Extract the table of content(ToC) from a PDF document into a GitHub-flavored markdown(GFM) task list markup
https://gitlab.com/brlin/pdf-toc-to-gfm-tasklist
Before running this software, the following prerequites must be satisfied:
- Python
The runtime environment, currently only tested on 3.11. Thepython3
compatibility executable must be available in your command search PATHs. - A recent version of PyPDF2
The python library for operating the input PDF file, currently only tested on version 2.12.

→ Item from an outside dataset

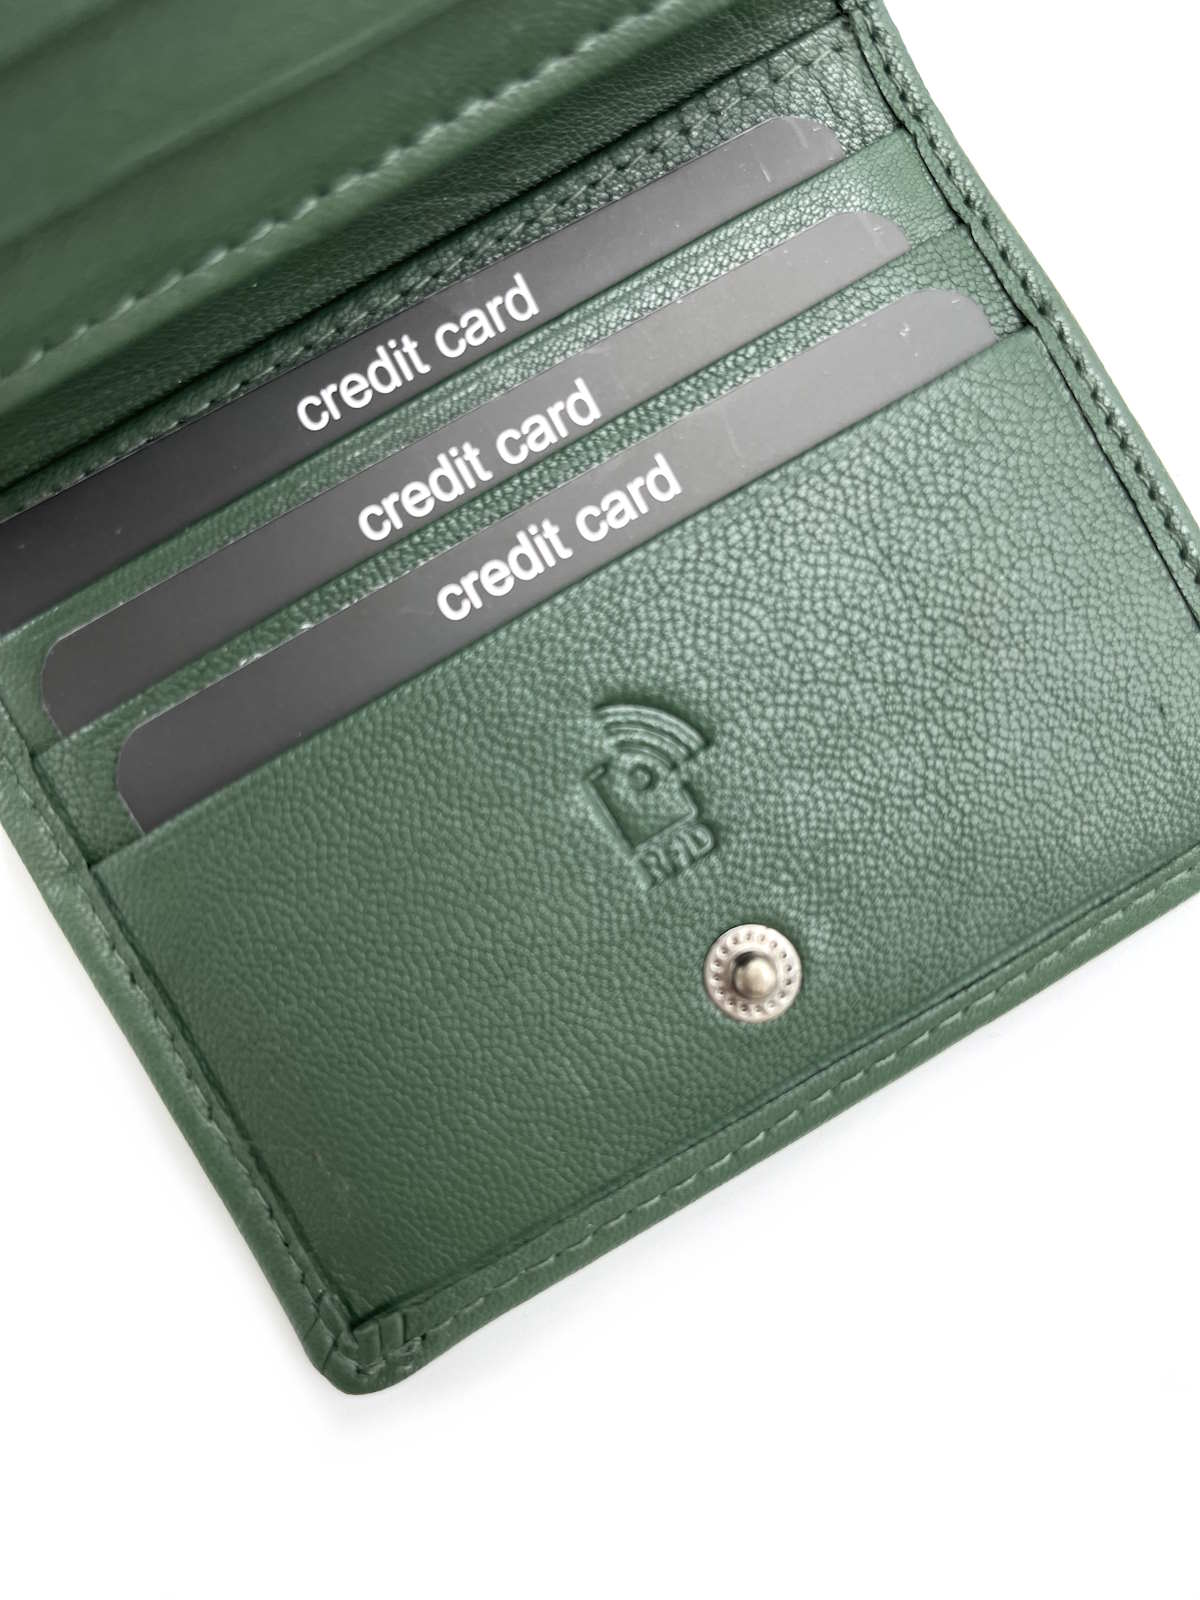 Genuine leather wallet, Brand EC COVERI, art. EC23760-45
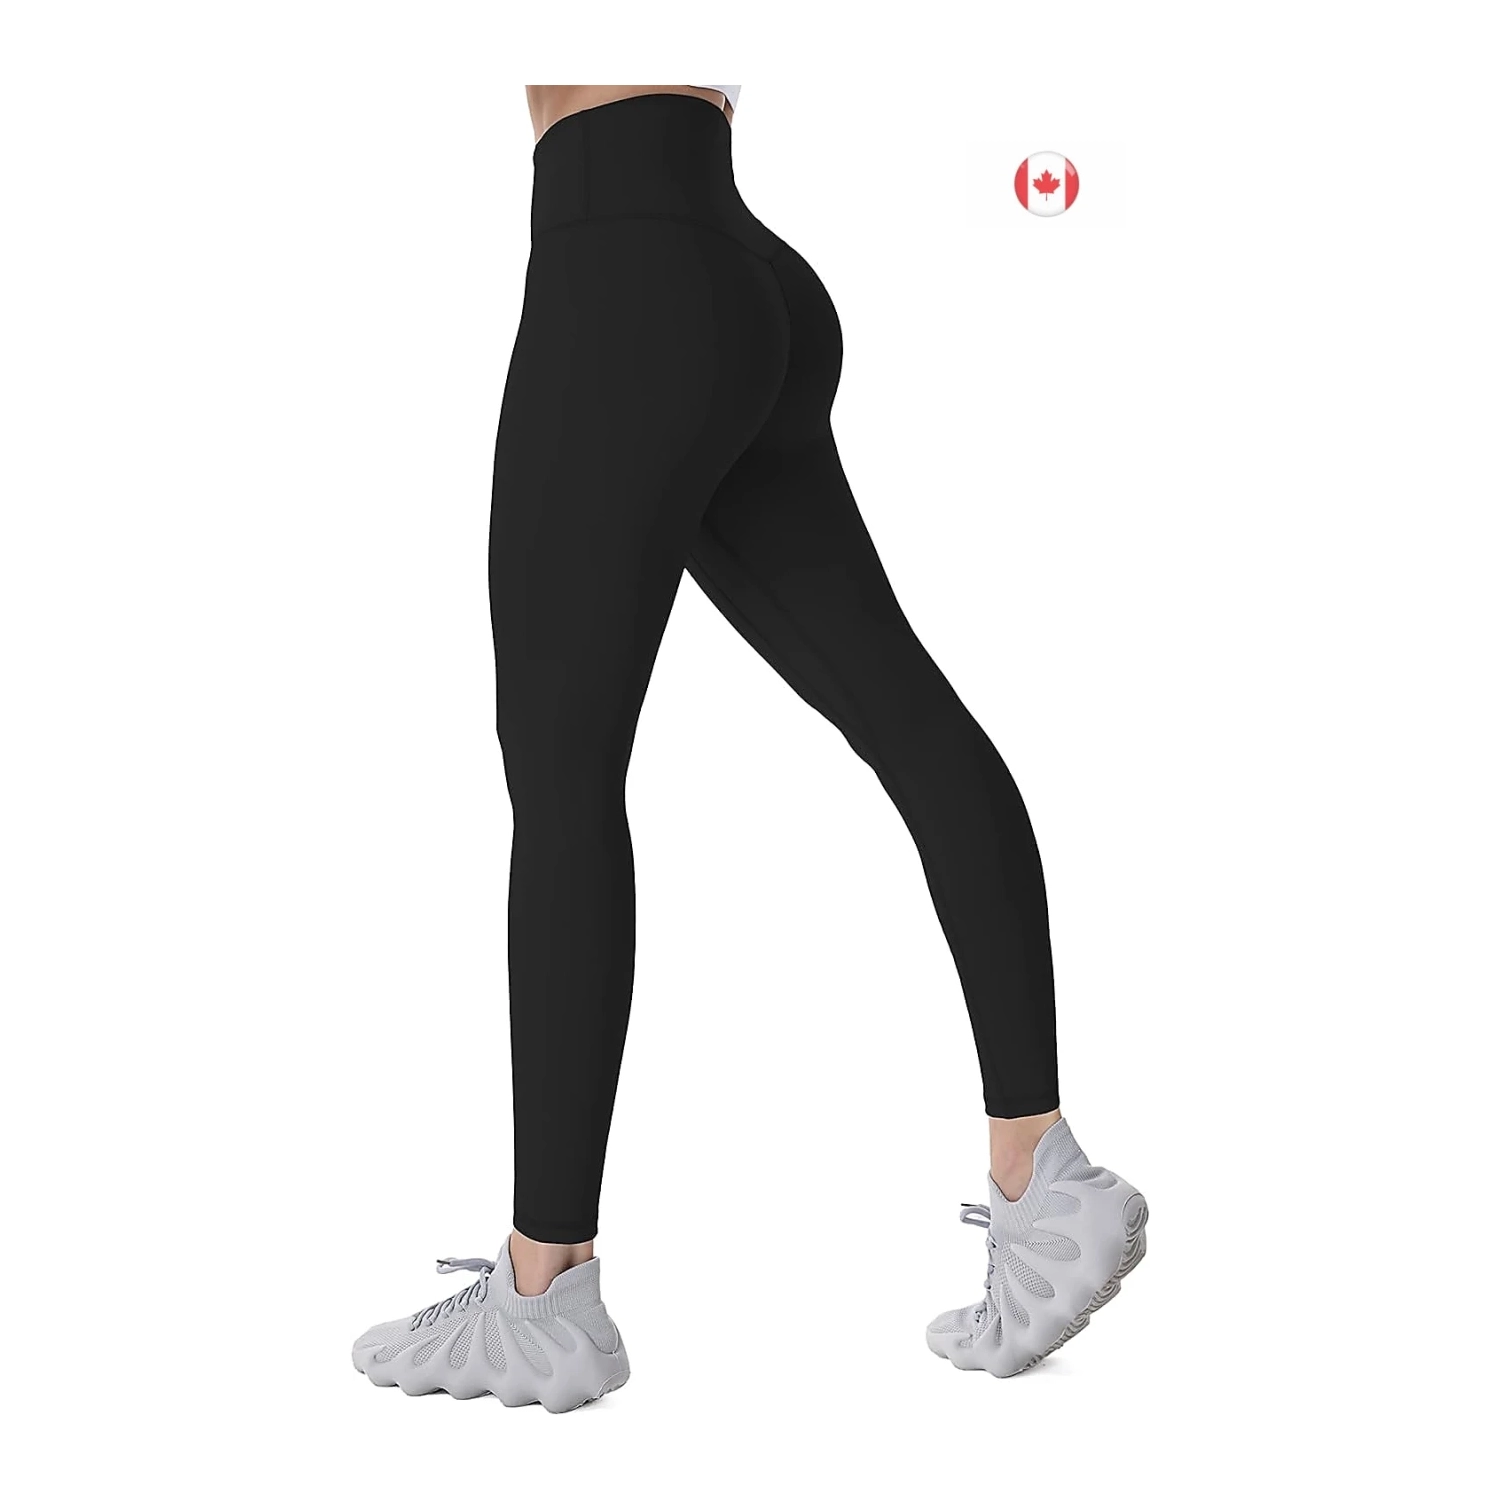 Sunzel Workout Leggings for Women, Squat Proof High Waisted Yoga

The following usage instructions assumes you are using a Unix-like operating system, instructions may not fully apply to other operating systems.
-
Download the release package from the project's Releases page
-
Extract the release package
-
Edit the pdf-toc-to-gfm-tasklist.py Python program using a text editor, edit the
open()
call to load the correct input PDF file to extract ToC from and save the file -
Launch a text terminal application
-
Run the following command(with all the placeholder texts replaced) to switch the working directory to the extracted release package directory:
cd /path/to/pdf-toc-to-gfm-tasklist-X.Y.Z
-
Run the following command to execute the ToC extraction utility, the converted ToC Markdown tasklist markup will be printed to the standard output device:
./pdf-toc-to-gfm-tasklist.py
You may also use the I/O redirection functionality of your shell(e.g. Bash) to write the output to a file:
./pdf-toc-to-gfm-tasklist.py > toc.md
Note that the I/O redirection syntax may be different for different shells, refer their user manual for more information.
Have fun!
This section documents the third-party resources that this project has referenced:
- PDF to GFM Conversion | ChatGPT
The discussion thread to render the utility prototype
Unless otherwise noted(individual file's header/REUSE DEP5), this product is licensed under version 3 of The GNU Affero General Public License, or any of its more recent versions of your preference.
This work complies to the REUSE Specification, refer the REUSE - Make licensing easy for everyone website for info regarding the licensing of this product.